Refer to steps 11 and 13 to ensure that the objects were carefully edited to represent the cells. Use bisbenzimide-stained nuclei to determine how many cells are within a cluster. Unify objects that are actually part of the same cell. Be sure to follow the protocol to remove all objects that fit the exclusion criteria. For microglia: delete all objects below 10 μm³, have less than 50% of their cell body within the field or lack a nucleus. For OPCs: delete all objects below 10 μm³, have less than 50% of their cell body within the field, lack a nucleus, or have a sphericity less than 0.49 to exclude blood vessels and pericytes. When using the cut tool to edit, small particles are usually created. Be sure to check these parameters at the end of editing surface renders to ensure no objects remain that should be excluded. Lastly, ensure the thresholding step was not done with overexposure. The threshold should represent the cells in the image. Too high of a threshold with an overrepresentation of the space where a cell is located may also result in artificial ColocSurface objects.

Problem 4

Surface-Surface Coloc button is grayed out, or is not operating when clicked (step 15b).

Potential solution

This suggests that there is an issue with the installation of Imaris software, MATLAB Runtime MCR or the Surface-Surface Coloc XTension. Contact Bitplane for support.

Problem 5

Surface-Surface Coloc renders are not appearing on OPCs (step 15f).

Potential solution

If the software is installed correctly, be sure that the OPCs have been masked first with a Random Color Map as described in step 14. When creating a Random Color Map, be sure that the correct surface render (OPCs) is selected. Also be sure to select the “Duplicate channel before applying mask” checkbox. A new channel should appear when this has been completed titled “Masked TRITC”. See Methods video S1 for a demonstration of this process. If this does not fix the issue, there may be a problem with the installation of the software, contact Bitplane for support.

Problem 6

The percent internalization calculation is very different from what is observed subjectively (step 17e).

Potential solution

Check the formula used for this calculation to ensure that the correct SurfaceColoc volume is being divided by the correct OPC volume. Also check that this OPC volume is correct for the cell that this SurfaceColoc render is associated with. If the incorrect volumes are used in this equation, the percent internalization will be inaccurate.

Resource availability

Lead contact

Further information and requests for resources and reagents should be directed to and will be fulfilled by the lead contact, Tara M. DeSilva, PhD (desilvt@ccf.org).

Materials availability

All mouse lines used for this protocol are commercially available through Jackson Laboratory.

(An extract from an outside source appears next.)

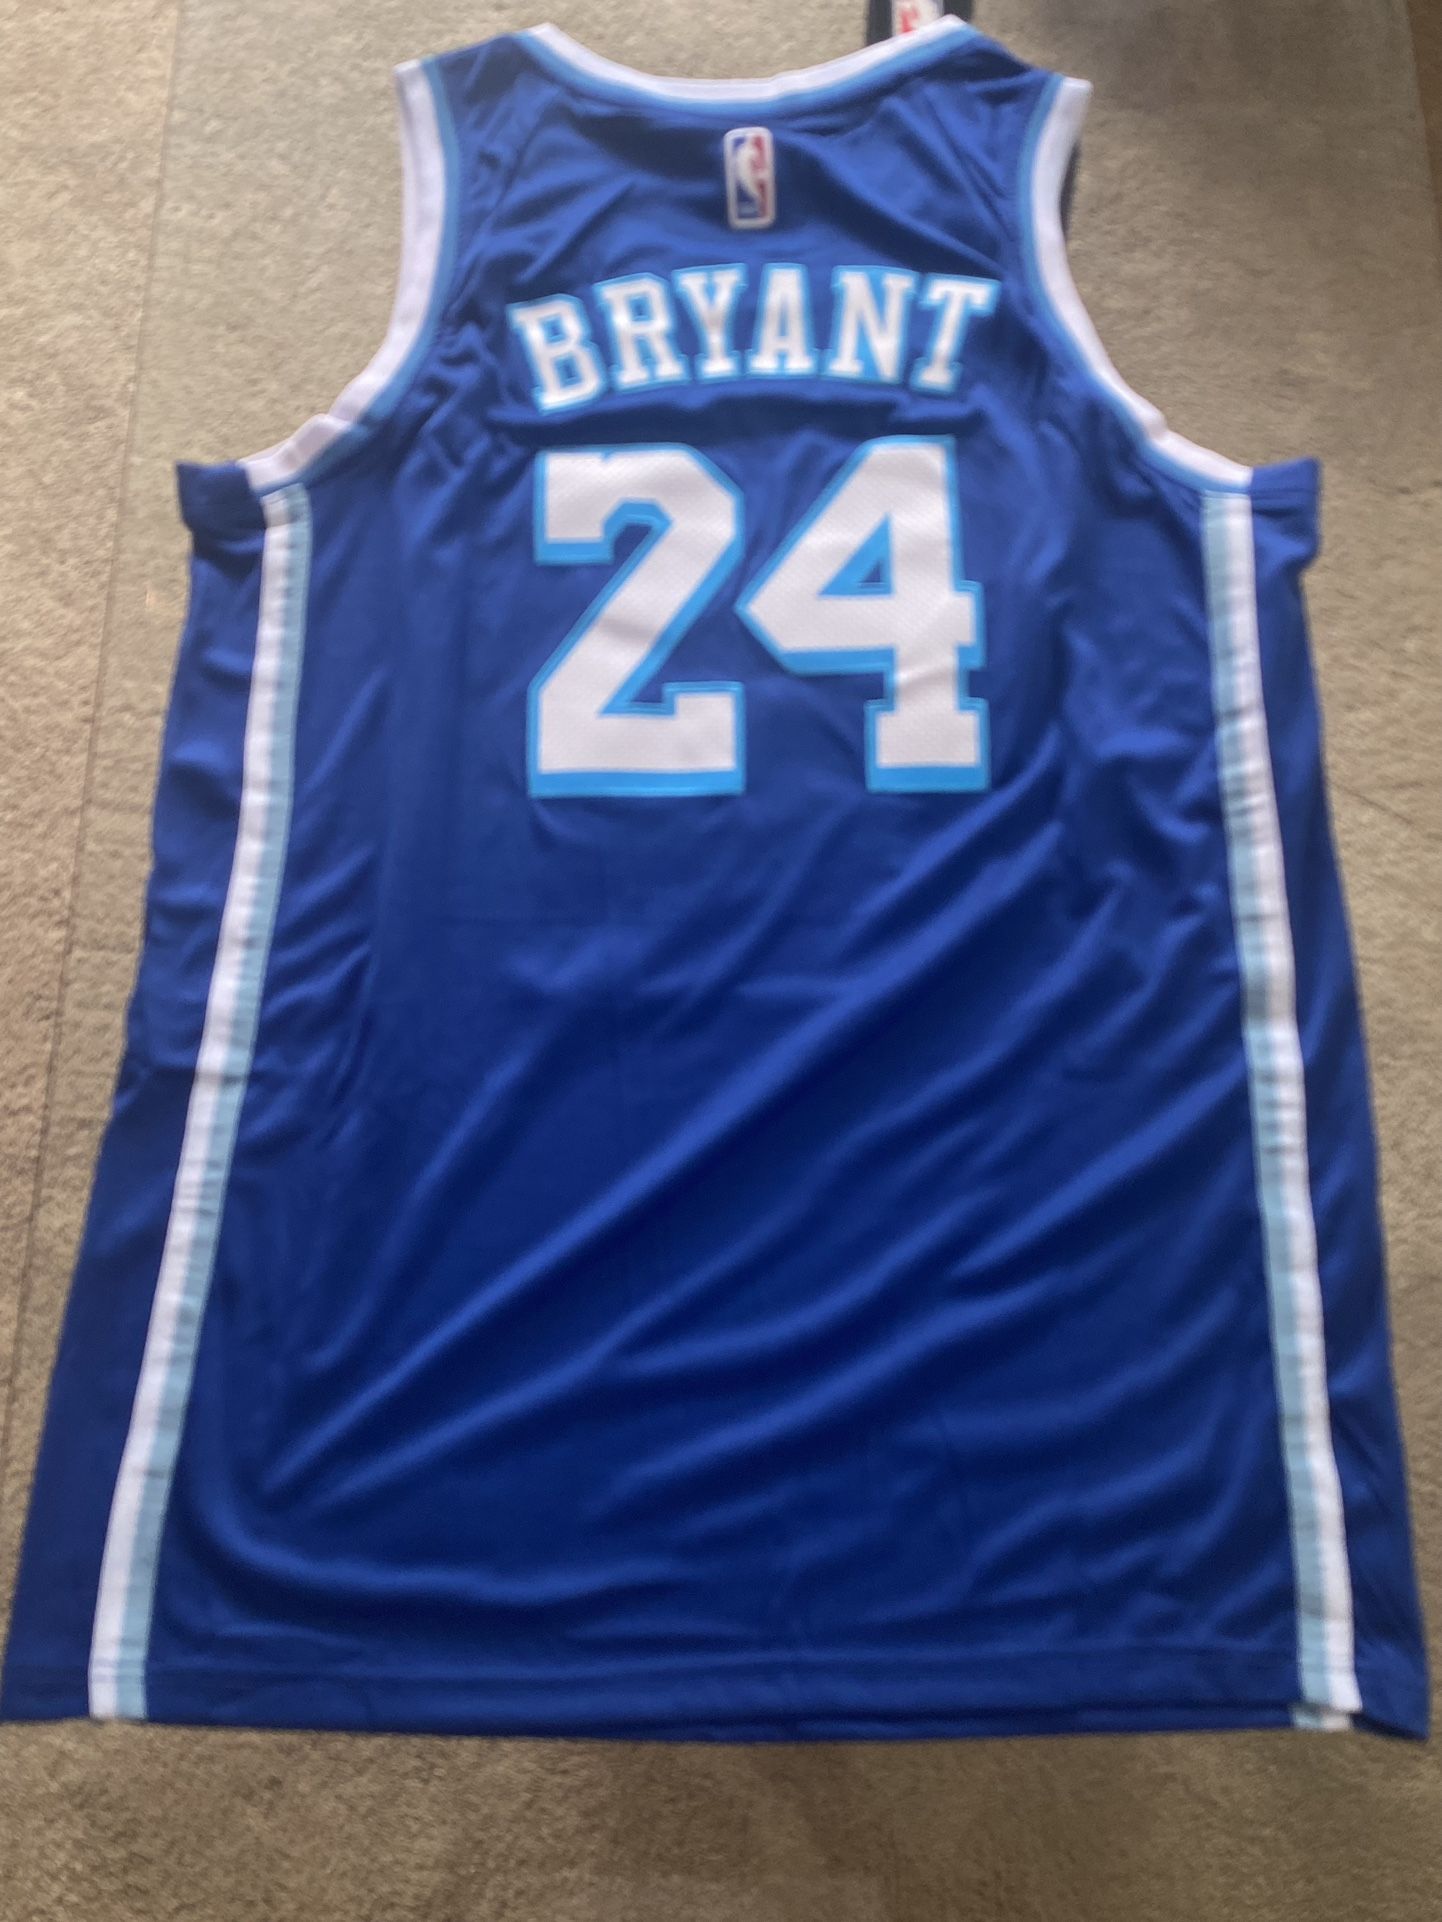 Kobe Bryant Crenshaw Jersey XL New for Sale in Los Angeles, CA

Data and code availability

This publication includes practice datasets as a tutorial for the purposes of learning the described protocol.

Supplemental information

Data S1. Sample Imaris file containing image stack used in this protocol, related to (steps 5–17)

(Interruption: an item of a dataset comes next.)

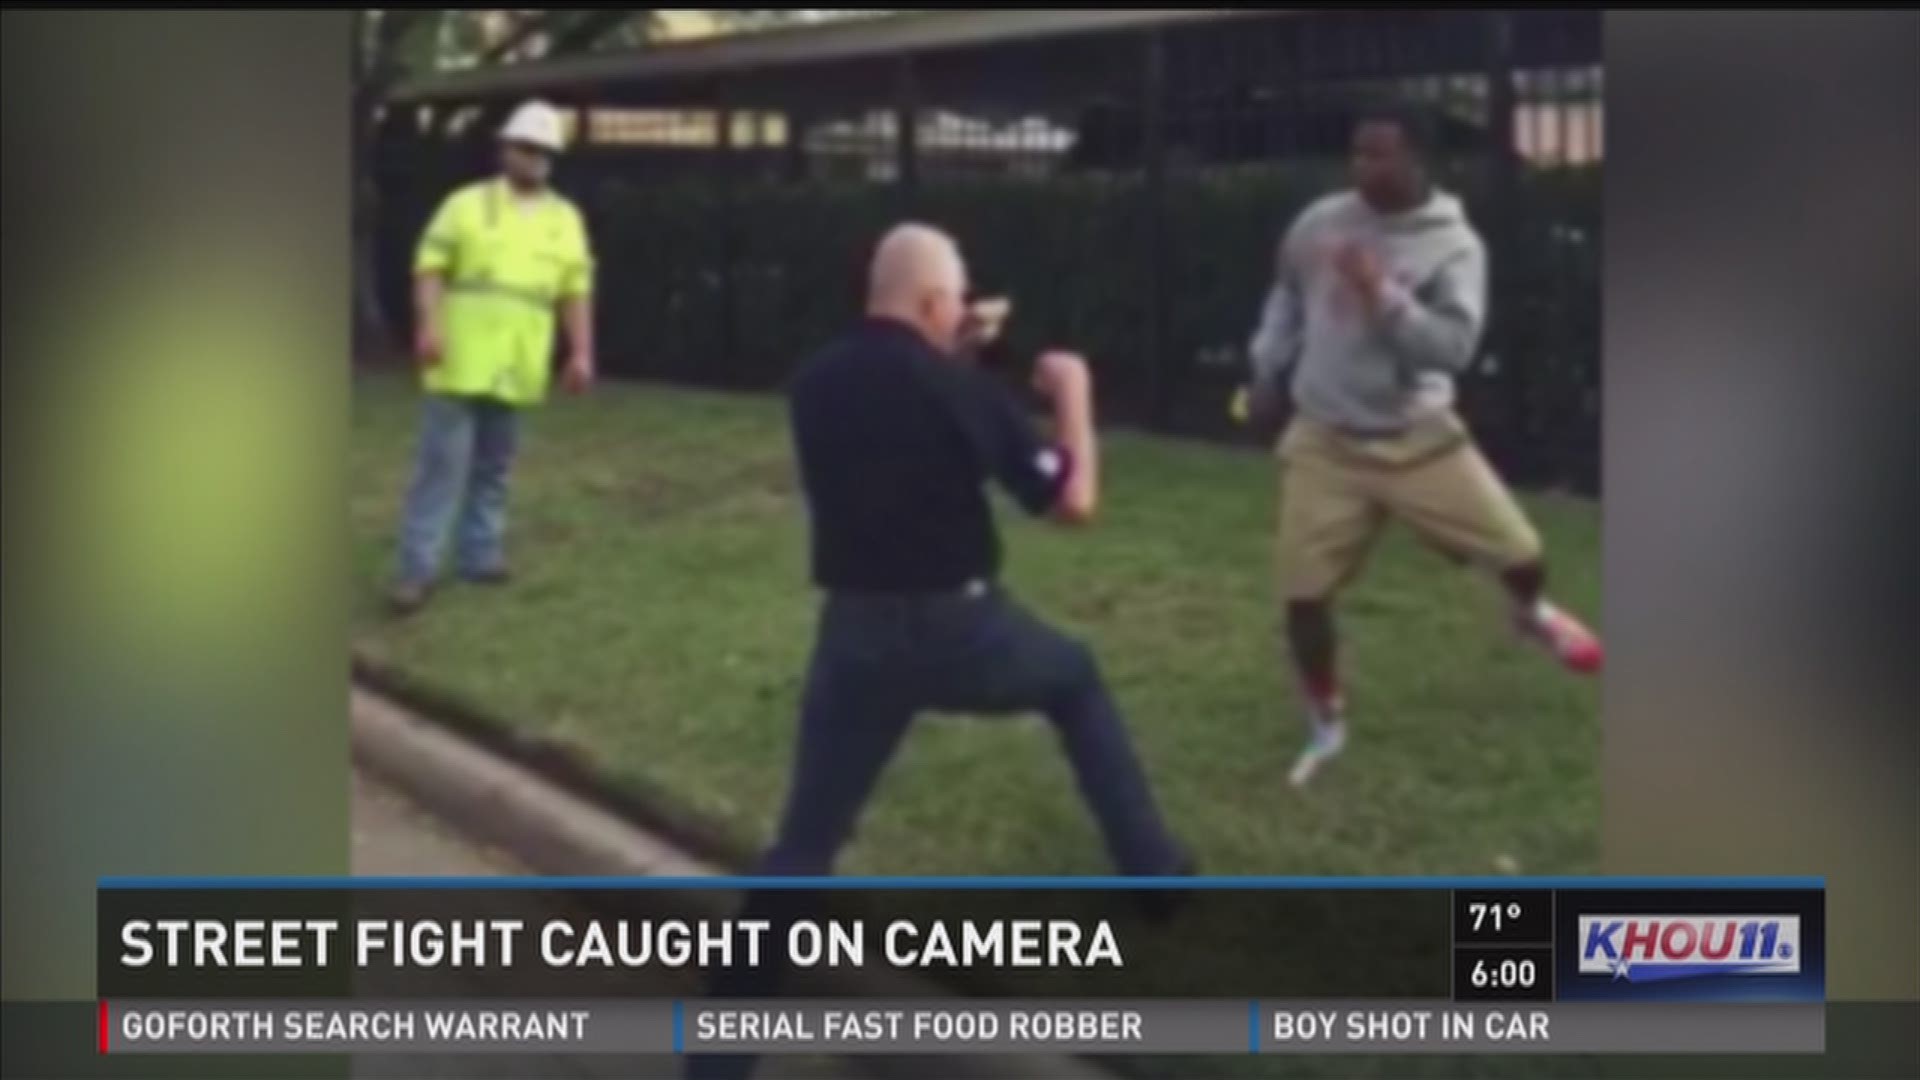 clement arthur share street fights caught on video photos

A sample image stack has been provided to follow along with this protocol. This image stack was used to generate all images in this protocol as well as videos and is a great starting point to learning the Imaris software and analysis techniques.

Data S2. Template excel file to be used for calculating percent internalization, related to (steps 16 and 17)

An Excel template has been provided to import data collected from Imaris. The template shows how the raw data can be organized and includes formulas to calculate percent internalization and categorizes internalized cells as contacted or engulfed based on the 15% threshold described in this protocol.